PROBLEM> Identify the line with "Josh Carridge's Poem"; copy word for word that line and every one after it, to the end of the listing. Exclude pictures.

GIVEN INFORMATION>
- Opening Delimiter -
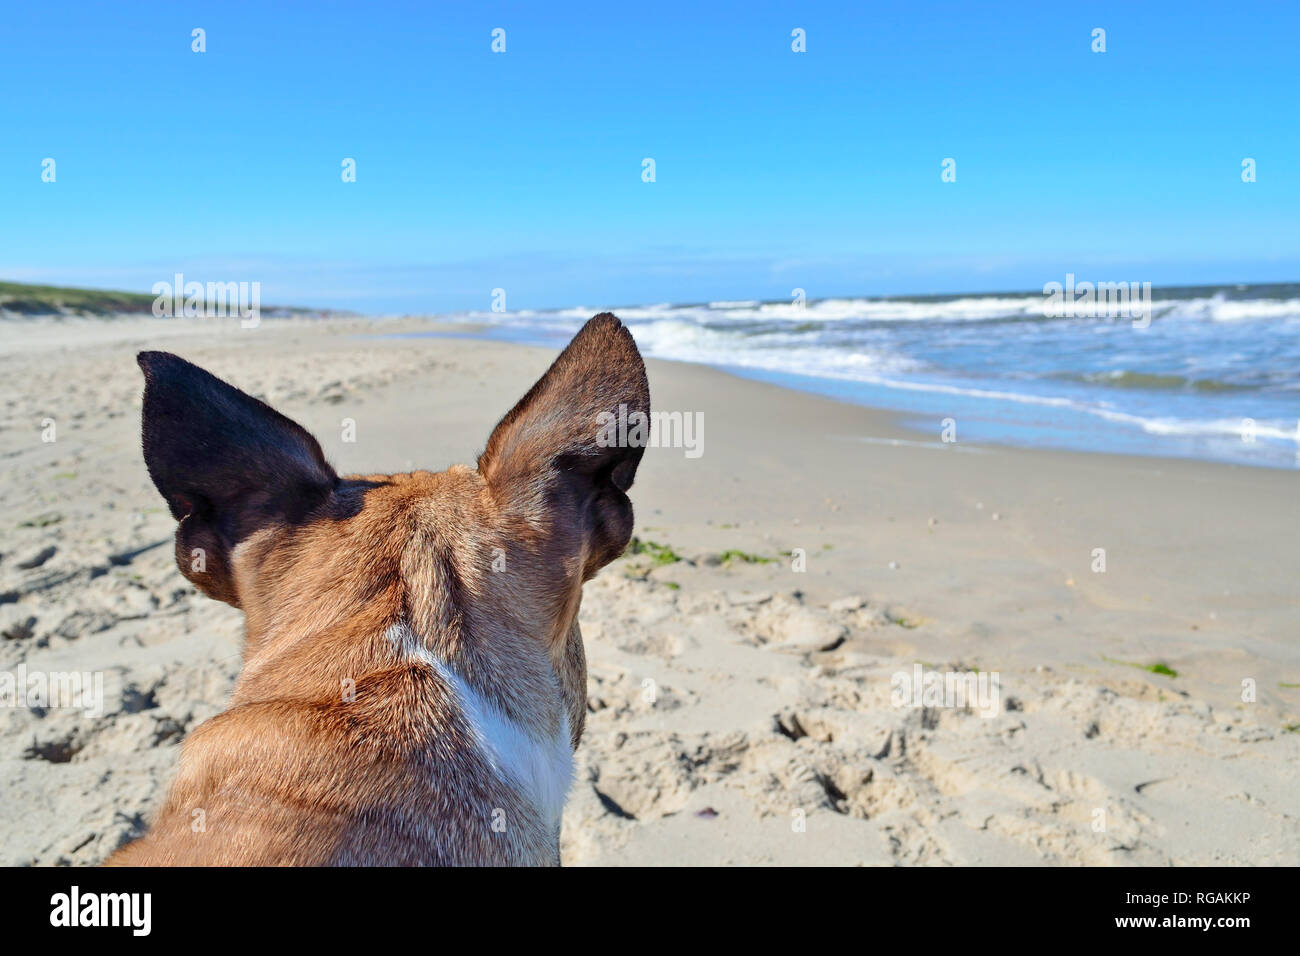 french bulldog pointy ears
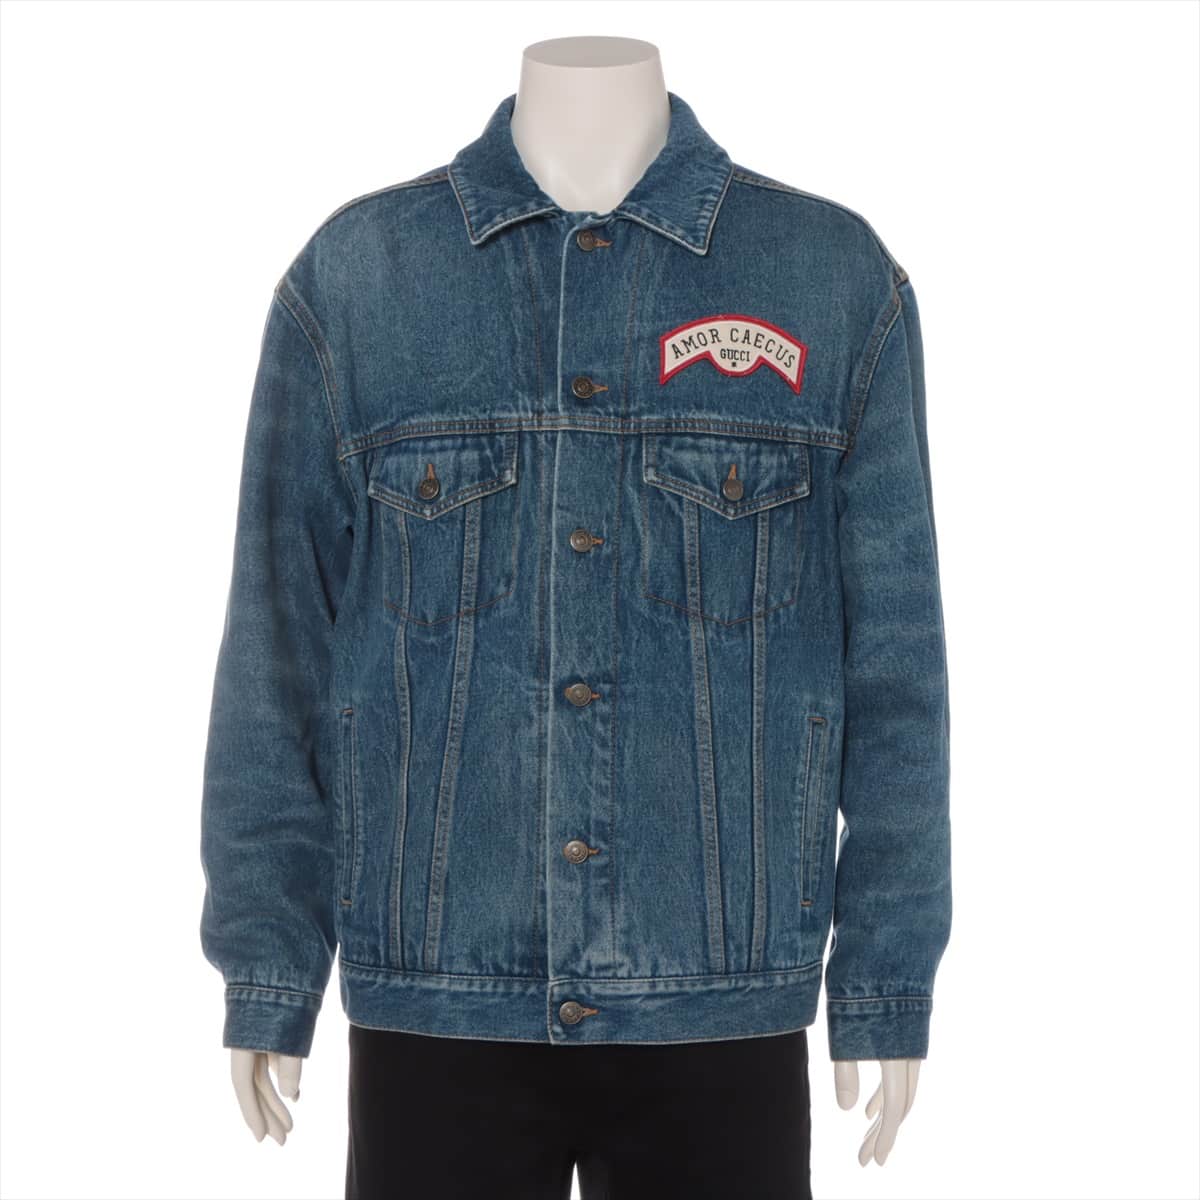 Gucci 19SS Cotton Denim jacket 44 Men's Blue indigo  475024 Oversize Denim Jacket with Patches
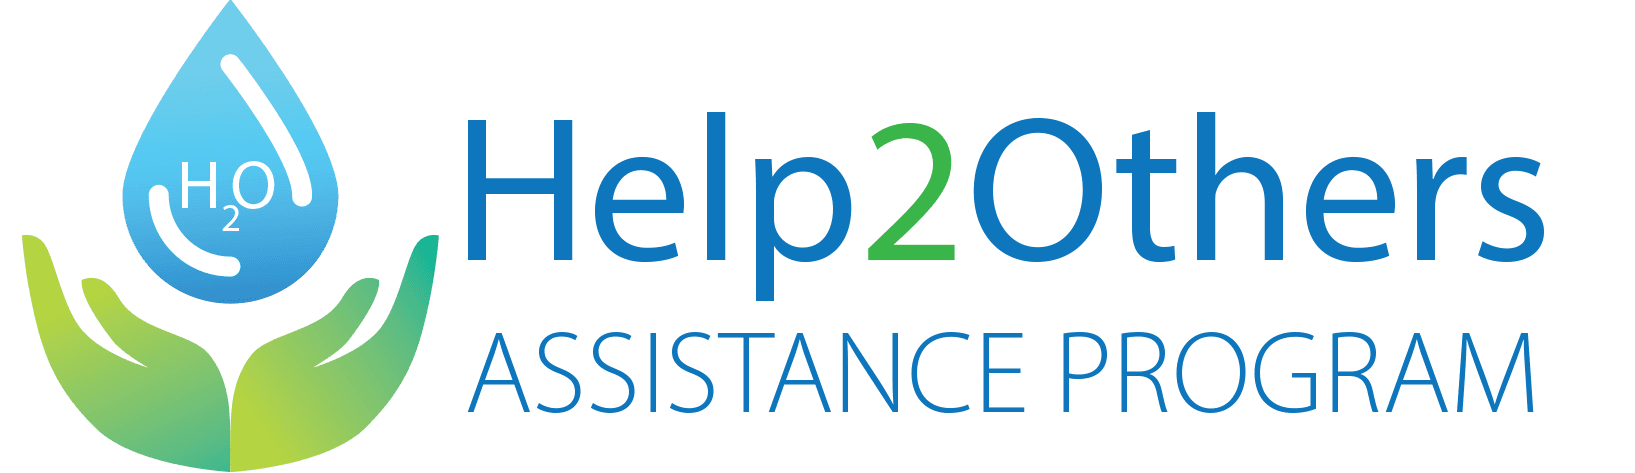 Help2Others Customer Assistance Program Logo
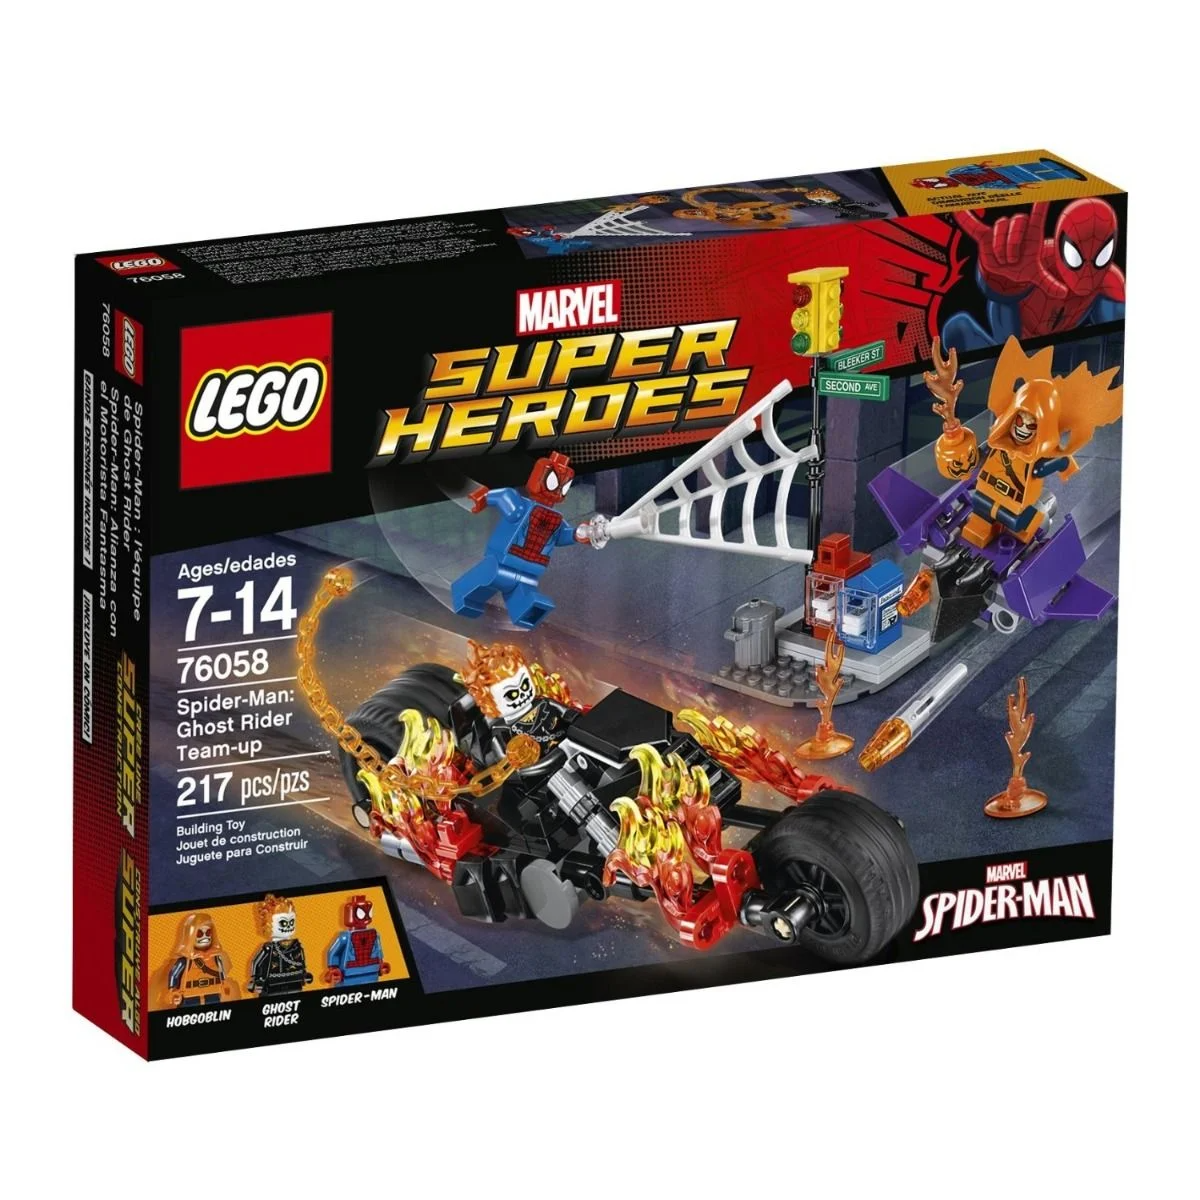 LEGO Marvel Super Heroes Ghost Rider Team-up
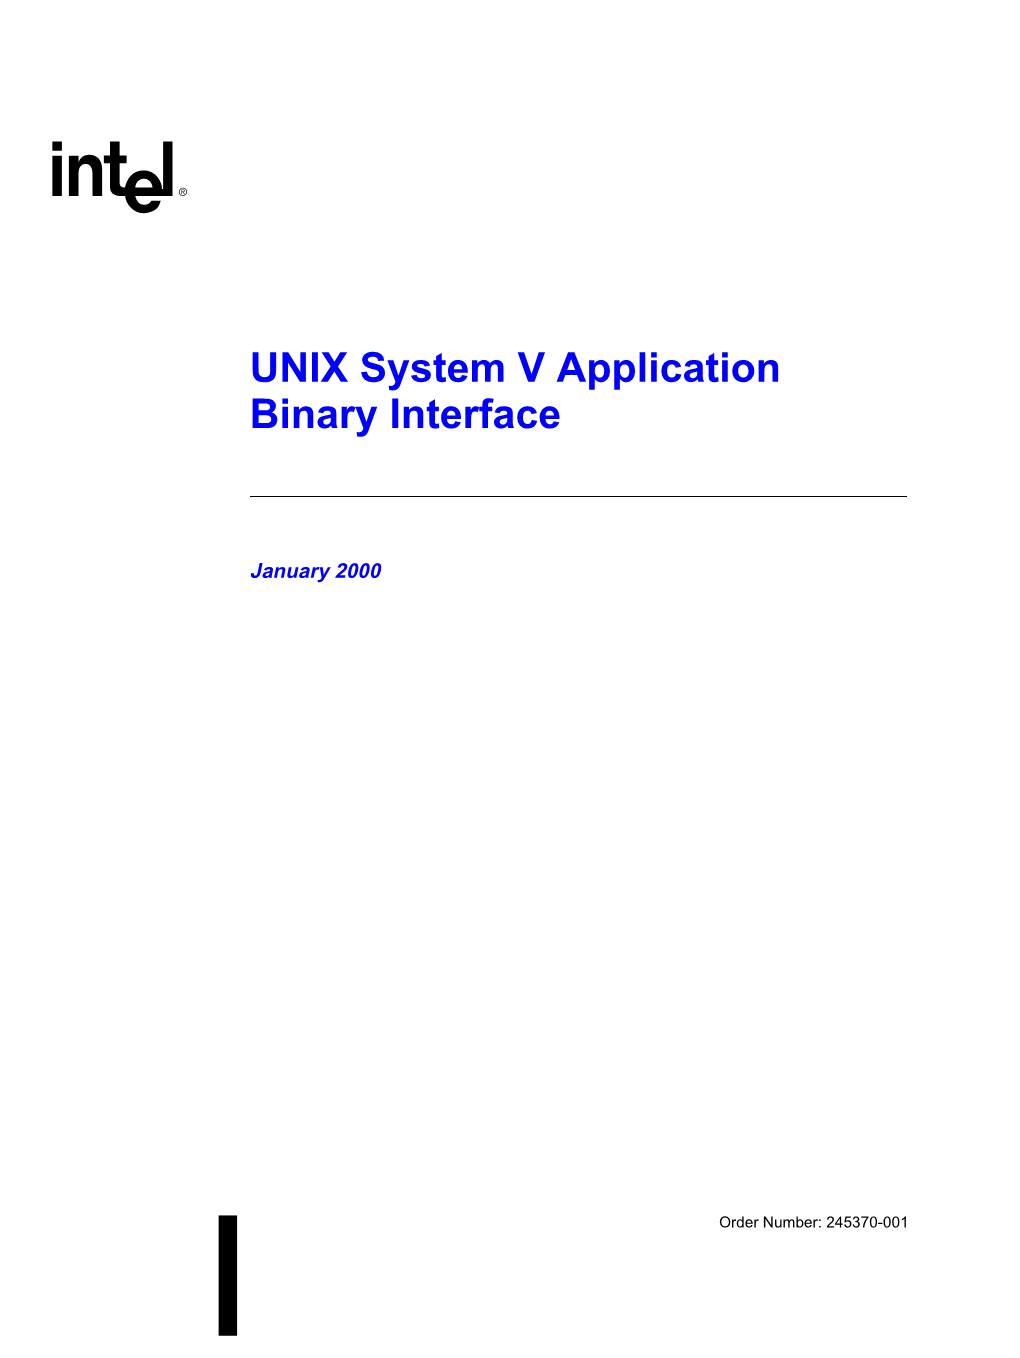 IA-64 UNIX System V Application Binary Interface
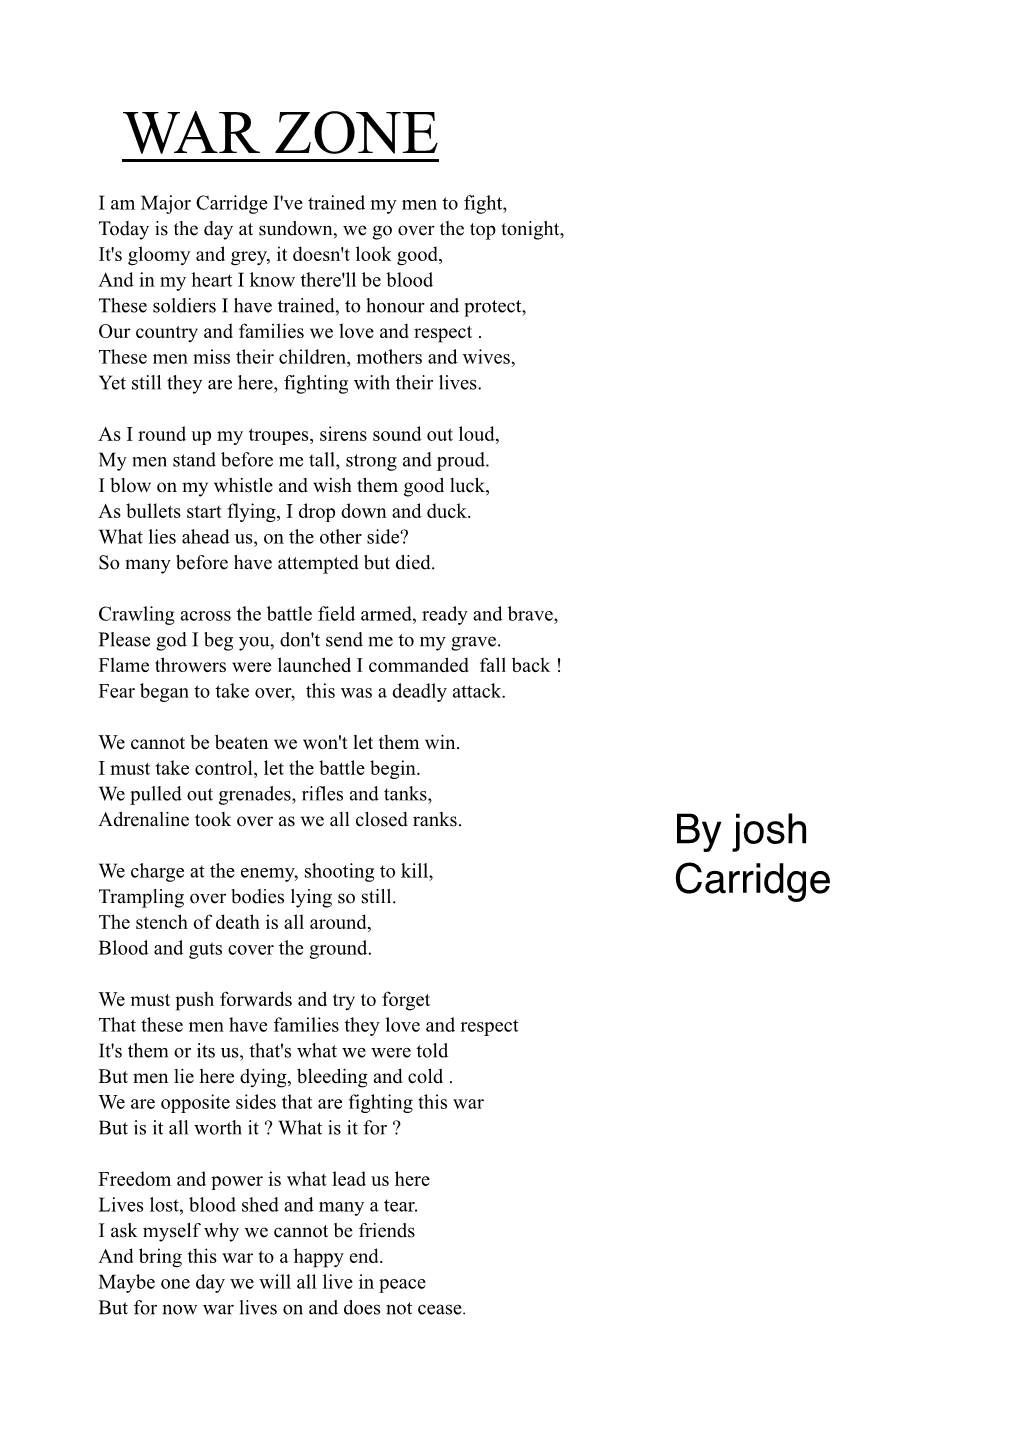 Josh Carridge's Poem
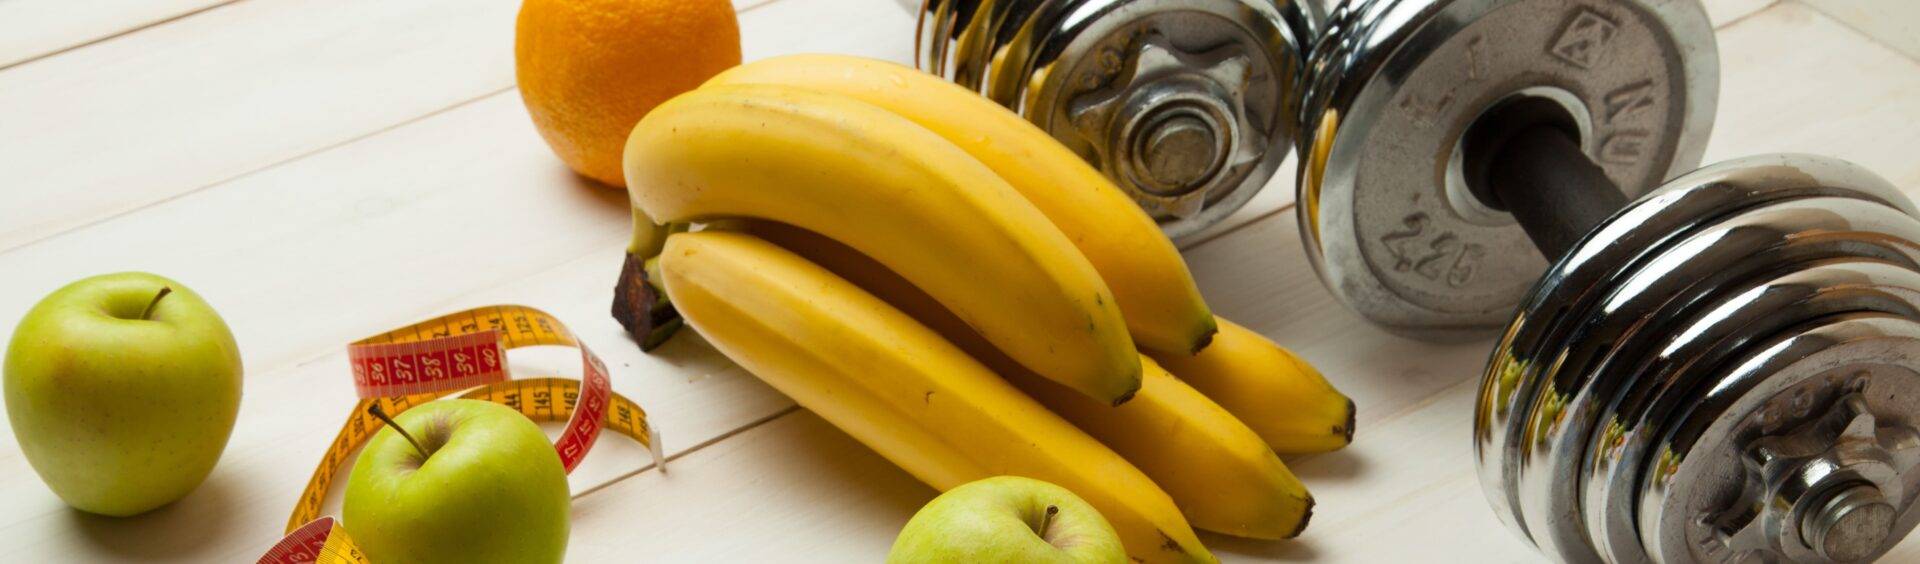 frutas para ganhar massa muscular
- Closing Delimiter -
EXPECTED ANSWER>
 Josh Carridge's Poem
 frutas para ganhar massa muscular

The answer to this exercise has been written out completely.